The one that is not expected to show isomerism is:

First we write the four species once more so that we can examine them calmly:

$$[Ni(NH_3)_4(H_2O)_2]^{2+},\;\;[Ni(en)_3]^{2+},\;\;[Ni(NH_3)_2Cl_2],\;\;[Pt(NH_3)_2Cl_2]$$

All the metal ions are in the $$+2$$ oxidation state, so the electronic configurations are $$Ni^{2+}\;(3d^8)$$ and $$Pt^{2+}\;(5d^8)$$. Complexes of $$d^8$$ ions are usually square-planar when the ligands are of moderate or strong field strength and tetrahedral when the field is weak. With this background we now analyse each option one by one.

We have a useful fact: an octahedral complex of the form $$MA_4B_2$$ always gives two geometrical isomers (cis and trans), while a square-planar complex of the form $$MA_2B_2$$ also gives two geometrical isomers. On the other hand a tetrahedral complex of the form $$MA_2B_2$$ gives only one arrangement, because in a tetrahedron every position is equivalent to every other position by rotation.

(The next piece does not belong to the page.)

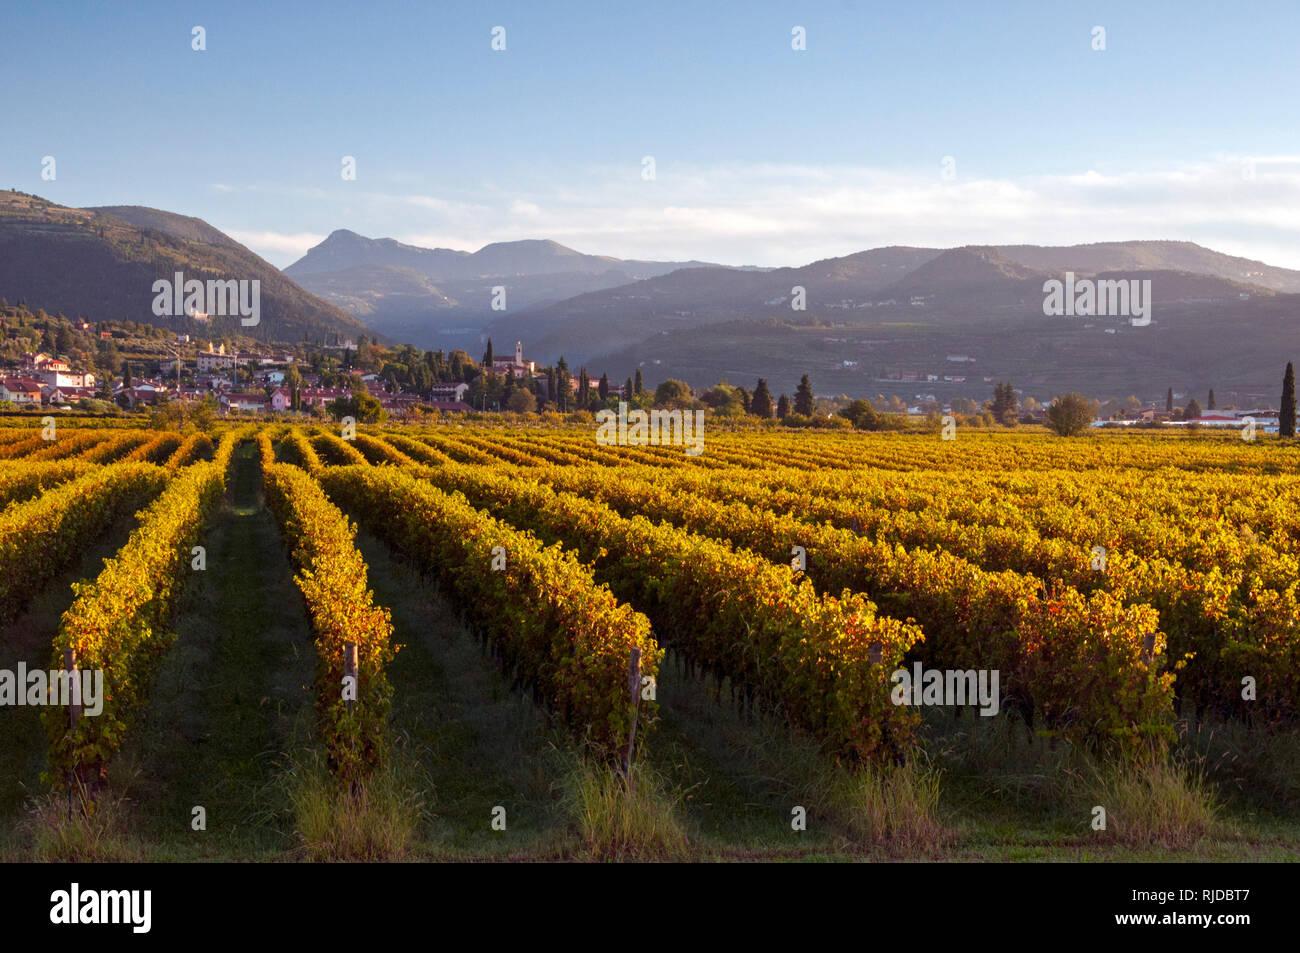 Sunrise view across vineyards from Dimora del Bugiardo, near San Pietro in Cariano, Italy Stock Photo
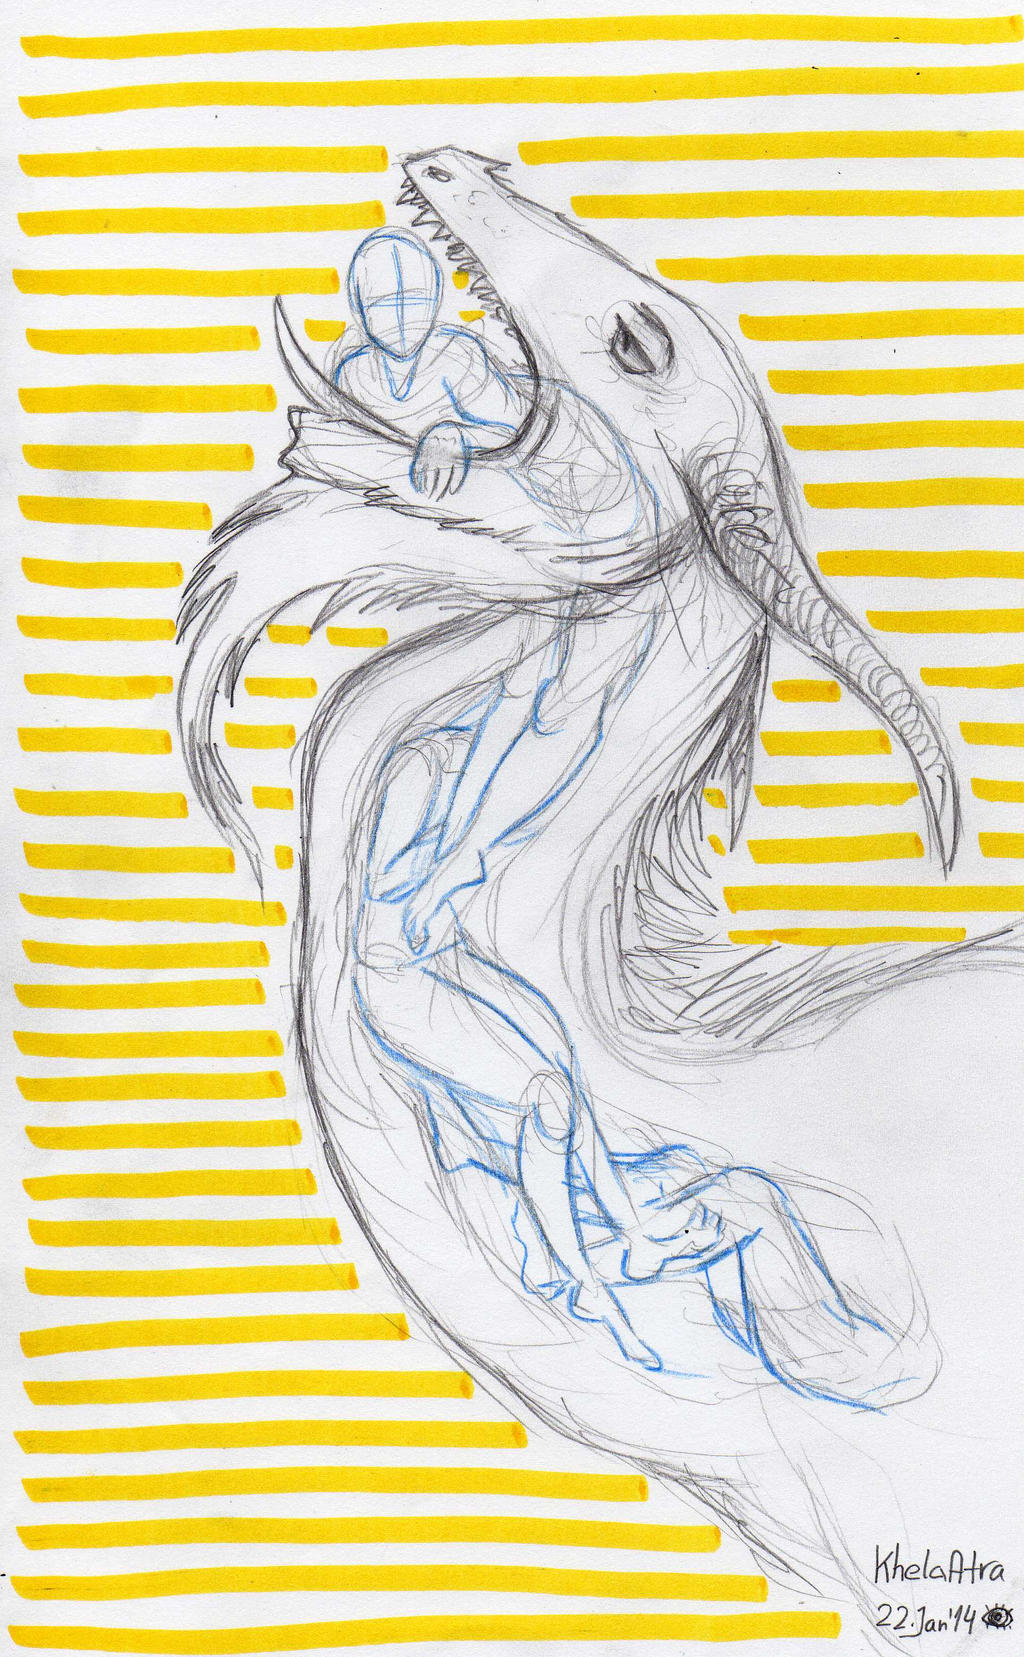 Dragon Vore Sketch Jan'14 by KhelaAtra

Now let us consider each complex.

For $$[Ni(NH_3)_4(H_2O)_2]^{2+}$$ the coordination number is $$6$$, so the geometry is octahedral. The formula type is $$MA_4B_2$$ (four $$NH_3$$ and two $$H_2O$$). Using the rule quoted above, the complex can exist as a cis and a trans form, so geometrical isomerism is expected.

For $$[Ni(en)_3]^{2+}$$ the metal is again octahedral, but all three ligands are identical bidentate ligands $$(en=\;H_2N-CH_2-CH_2-NH_2)$$. An octahedral complex containing three bidentate ligands of the same type is well known to be chiral; the two mirror-image forms are called $$\Delta$$ and $$\Lambda$$ isomers. Hence this complex shows optical isomerism.

For $$[Pt(NH_3)_2Cl_2]$$ the metal $$Pt^{2+}$$ is almost always square-planar because the $$5d$$ orbitals experience a strong ligand field. The coordination number is $$4$$ and the formula type is $$MA_2B_2$$, so two geometrical isomers (cis and trans) are possible. Indeed, the cis isomer is the famous anti-cancer drug “cis-platin”.

Finally we reach $$[Ni(NH_3)_2Cl_2]$$. Here the ligands $$NH_3$$ (moderate field) and $$Cl^-$$ (weak field) do not force $$Ni^{2+}$$ into the square-planar arrangement; instead the ion usually adopts the tetrahedral geometry because that costs less pairing energy for a $$3d^8$$ metal with such ligands. The coordination number is $$4$$ and the tetrahedral formula type is again $$MA_2B_2$$. As stated earlier, in a tetrahedral complex every vertex is equivalent by simple rotation, so only one spatial arrangement is possible. There is therefore no geometrical or optical isomerism expected for this complex.

Putting all the observations together:

$$[Ni(NH_3)_4(H_2O)_2]^{2+}$$ → shows cis/trans geometrical isomerism.

$$[Ni(en)_3]^{2+}$$ → shows optical isomerism ($$\Delta,\;\Lambda$$).

$$[Pt(NH_3)_2Cl_2]$$ → shows cis/trans geometrical isomerism.

$$[Ni(NH_3)_2Cl_2]$$ → does not show any isomerism.

Hence, the correct answer is Option C.